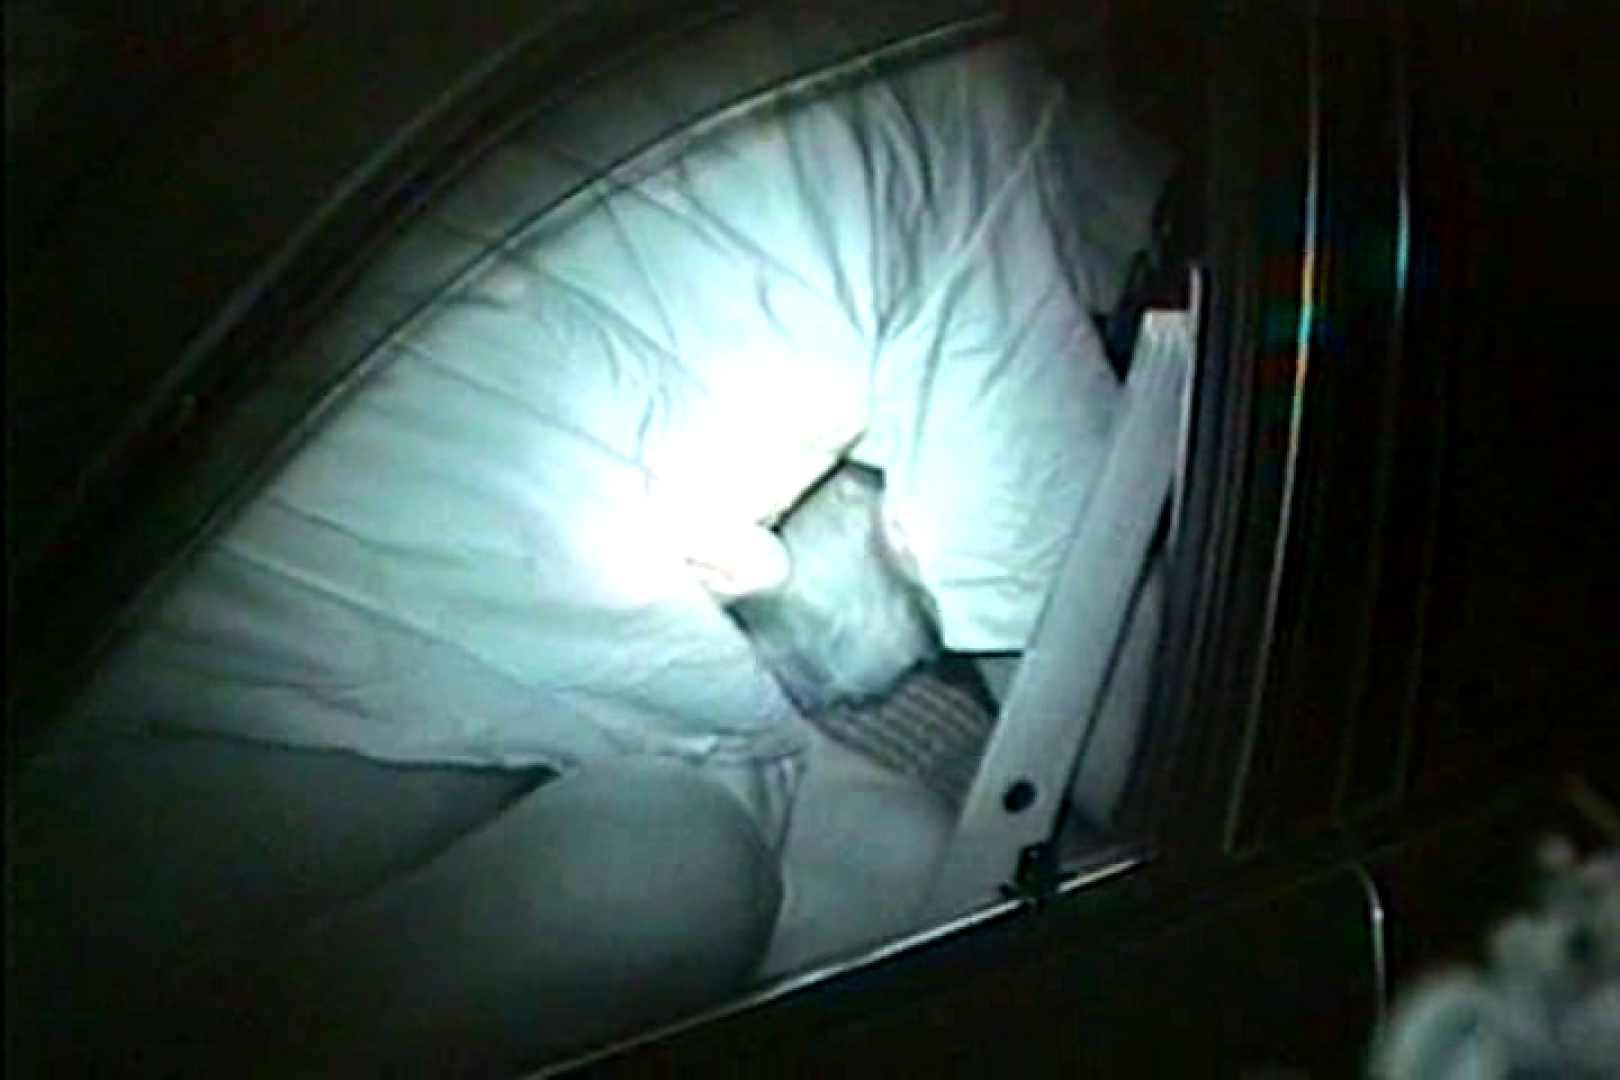 車の中はラブホテル 無修正版  Vol.6 名作  89画像 56
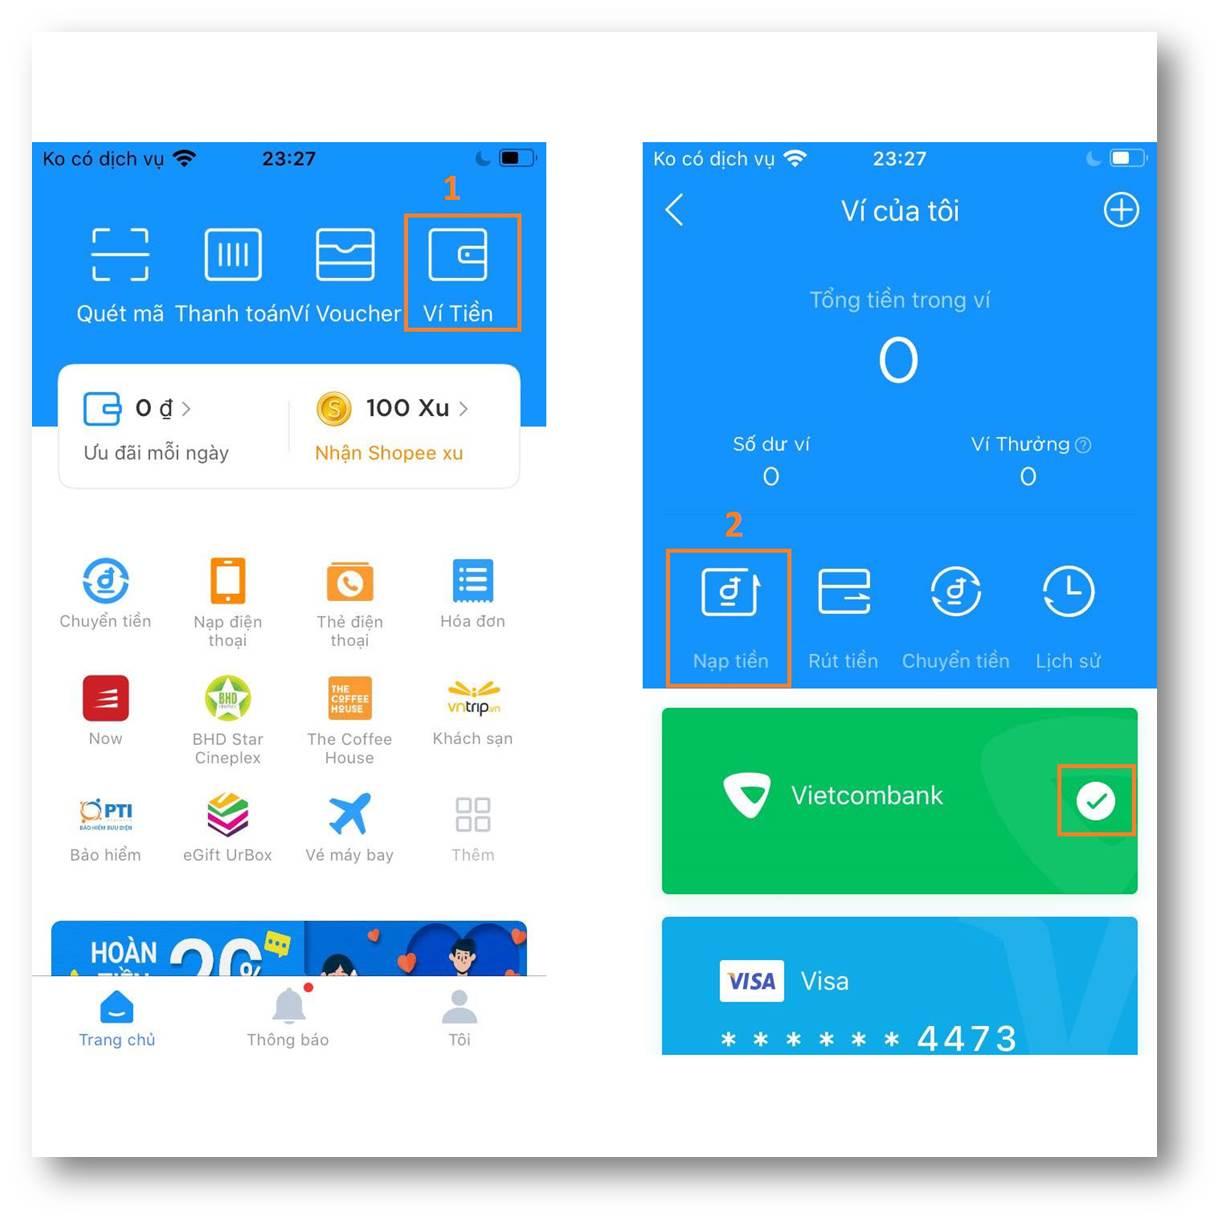 AirPay là gì? Hướng dẫn cách sử dụng và đăng ký chi tiết - Ảnh 9
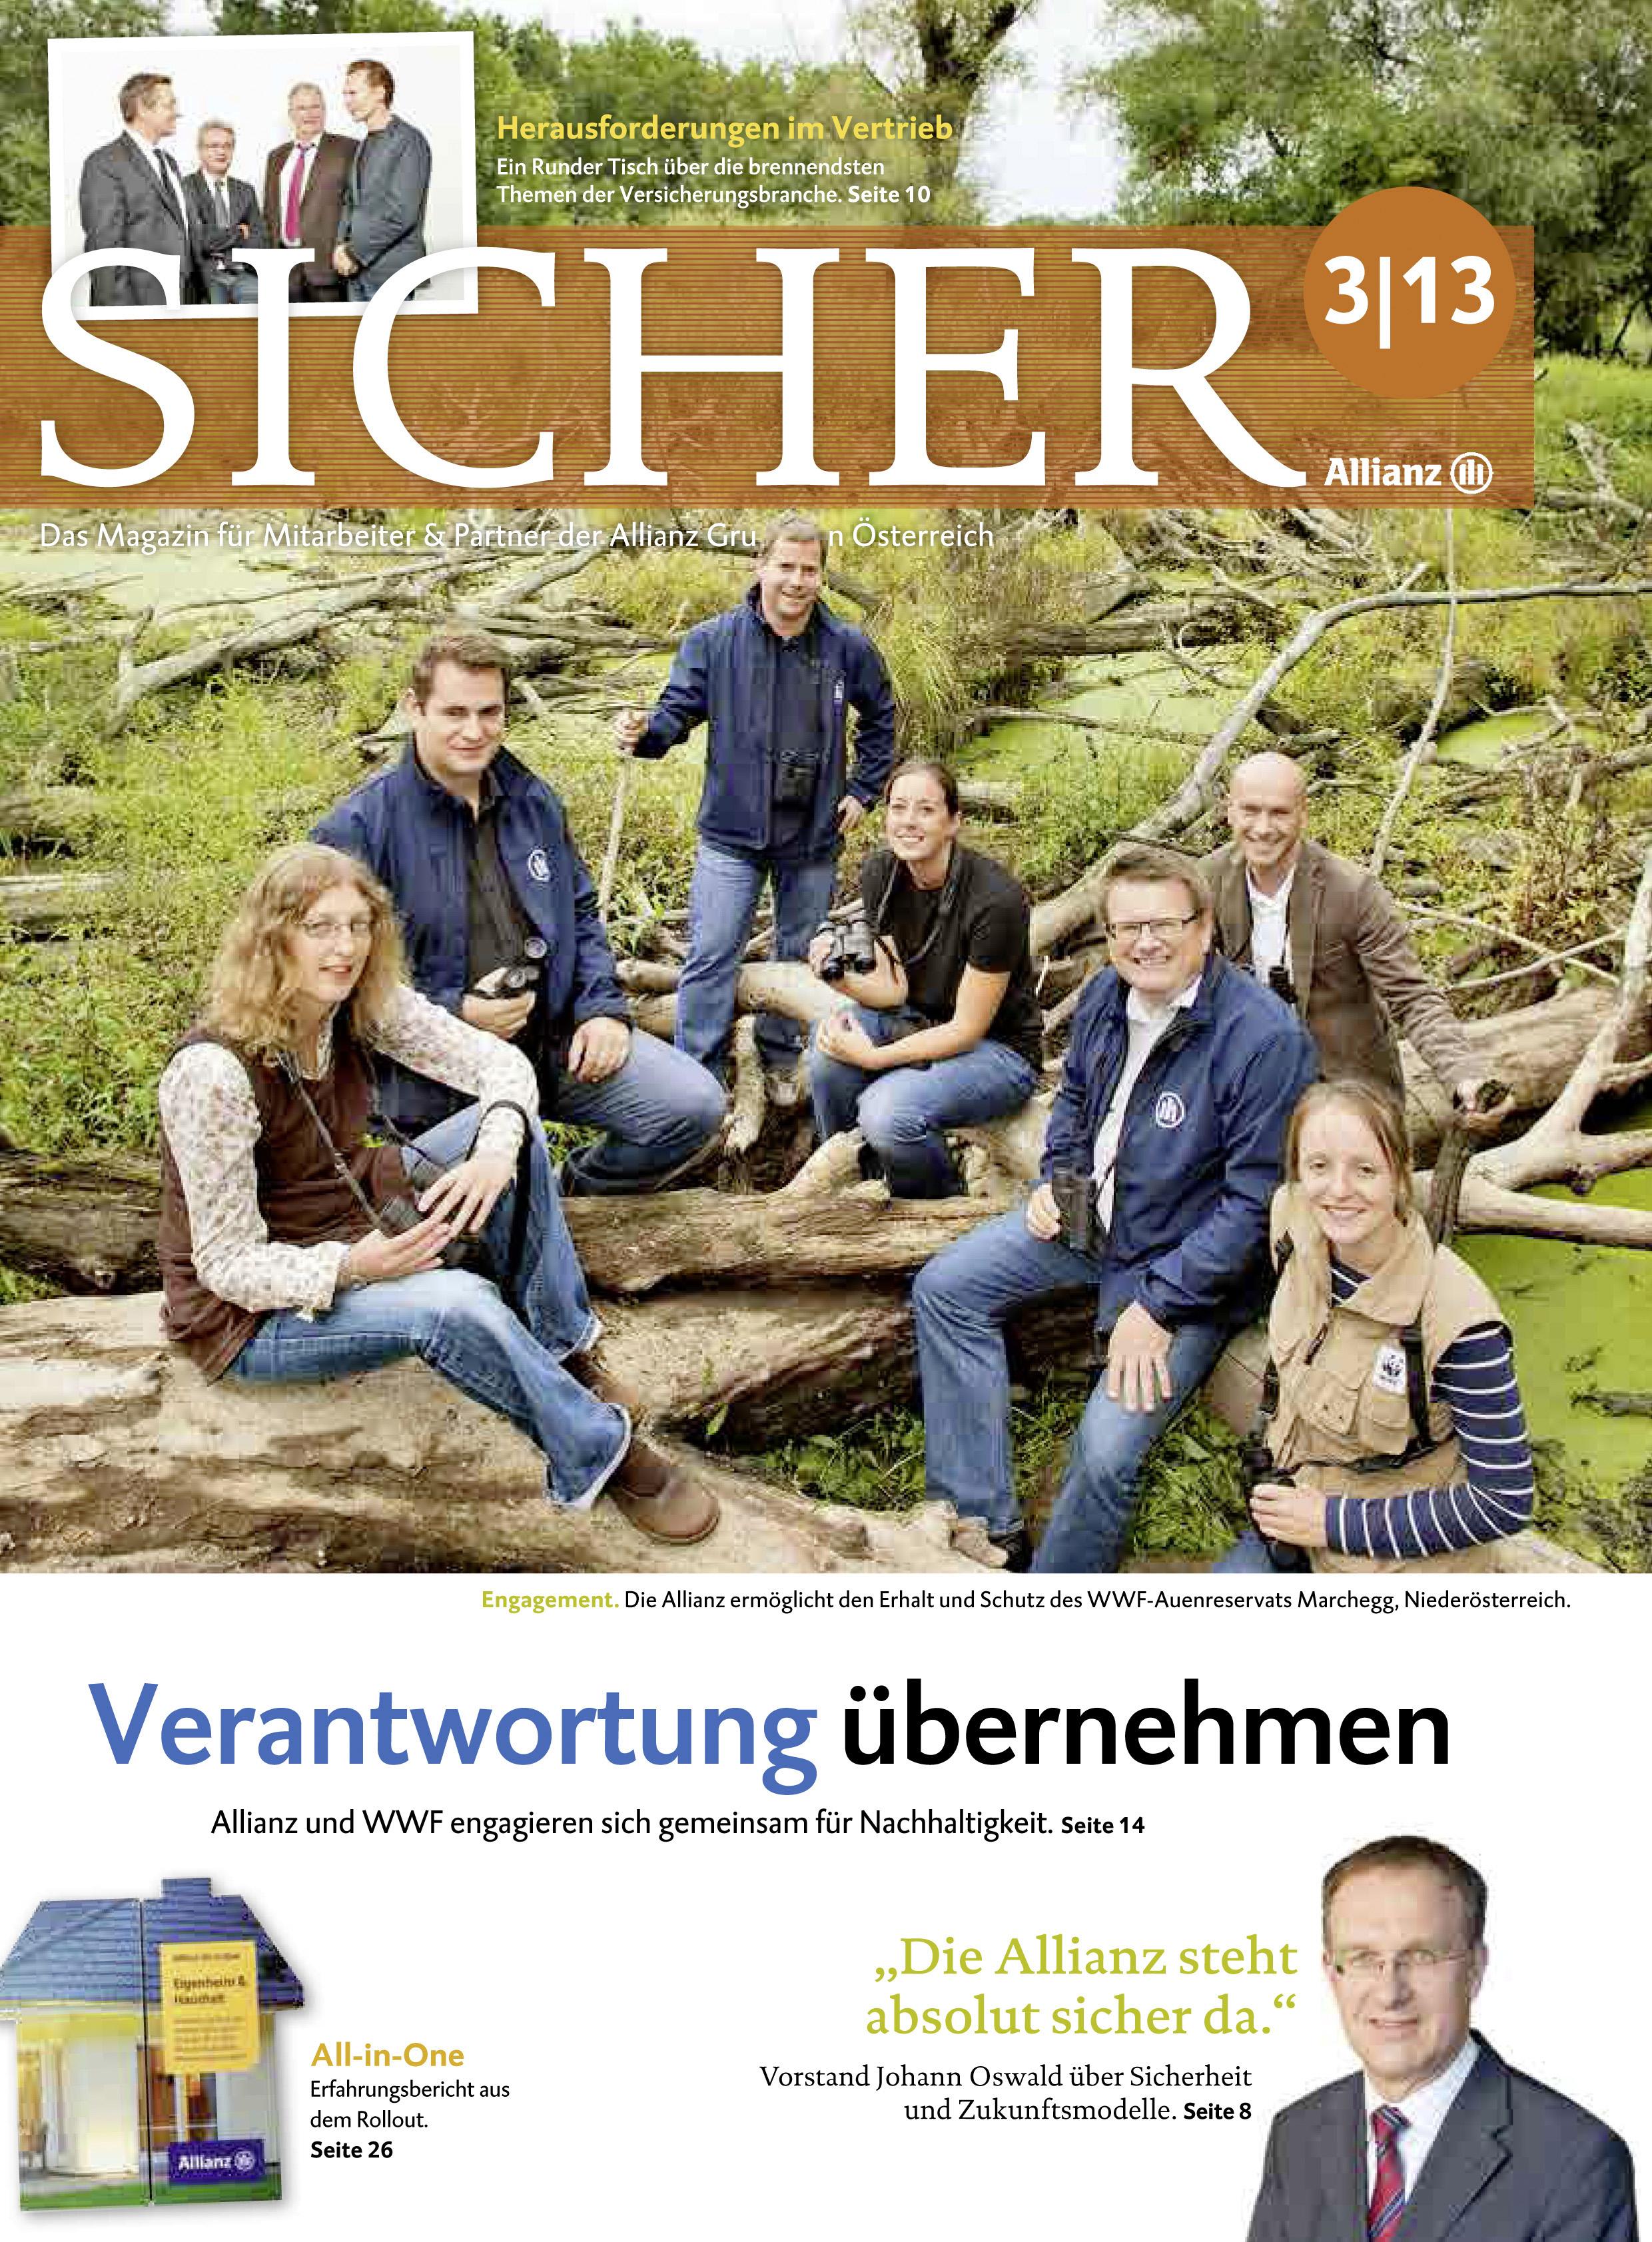 Coreporate_Reiner Riedler_013
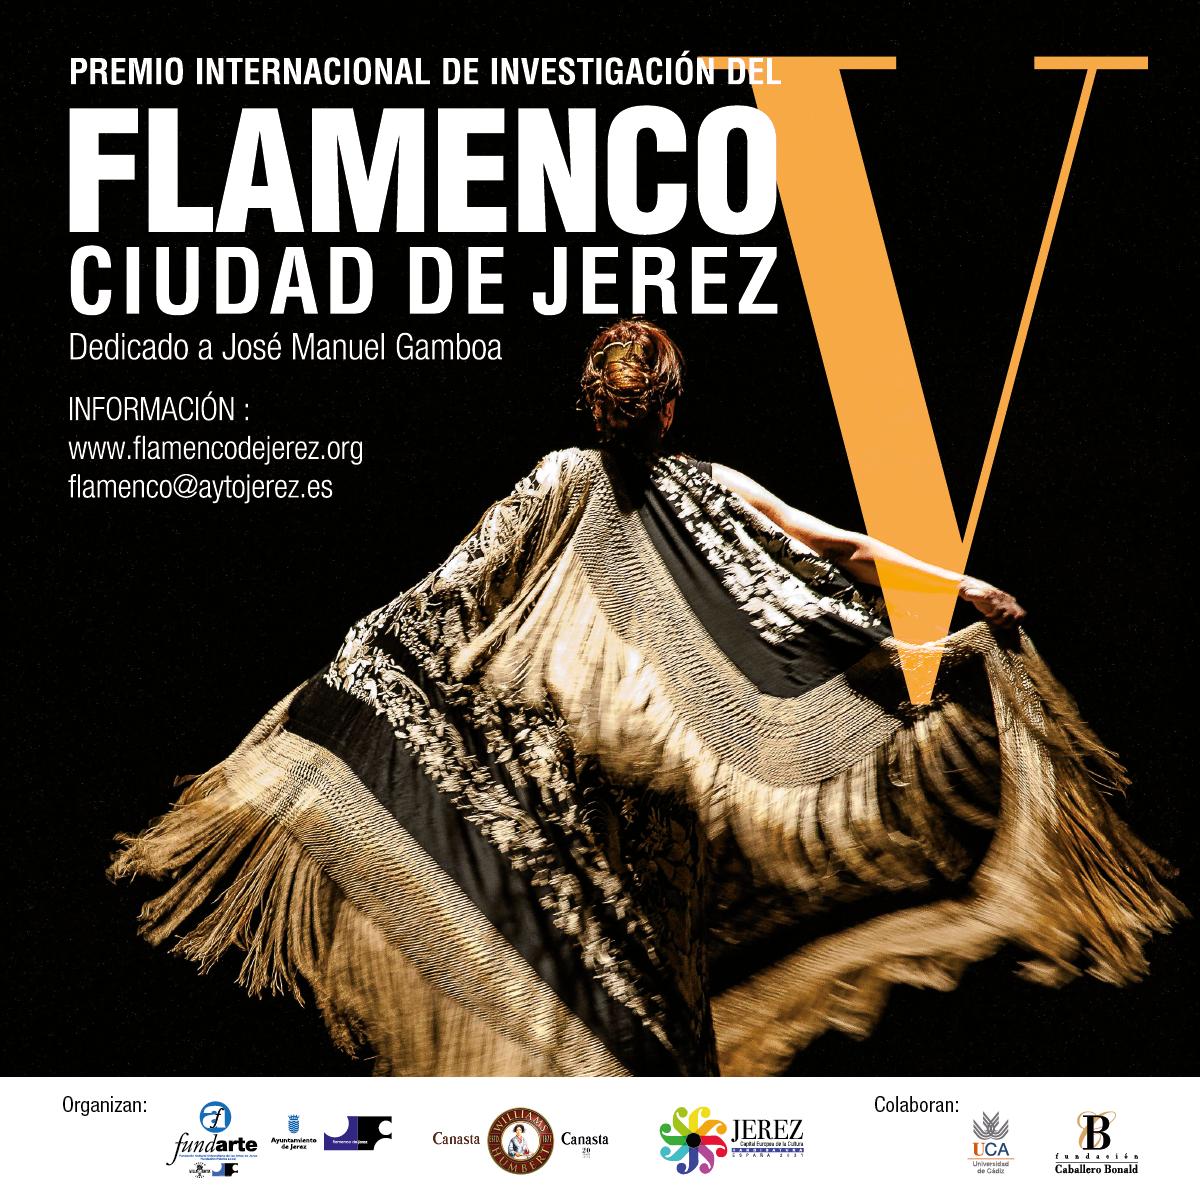 V Premio de Investigación del Flamenco
#####
Prompt → After removing the pictures, transcribe the listing above exactly.

Task output →
 車の中はラブホテル 無修正版  Vol.6 名作  89画像 56
 AirPay là gì? Hướng dẫn cách sử dụng và đăng ký chi tiết - Ảnh 9
 Coreporate_Reiner Riedler_013
 V Premio de Investigación del Flamenco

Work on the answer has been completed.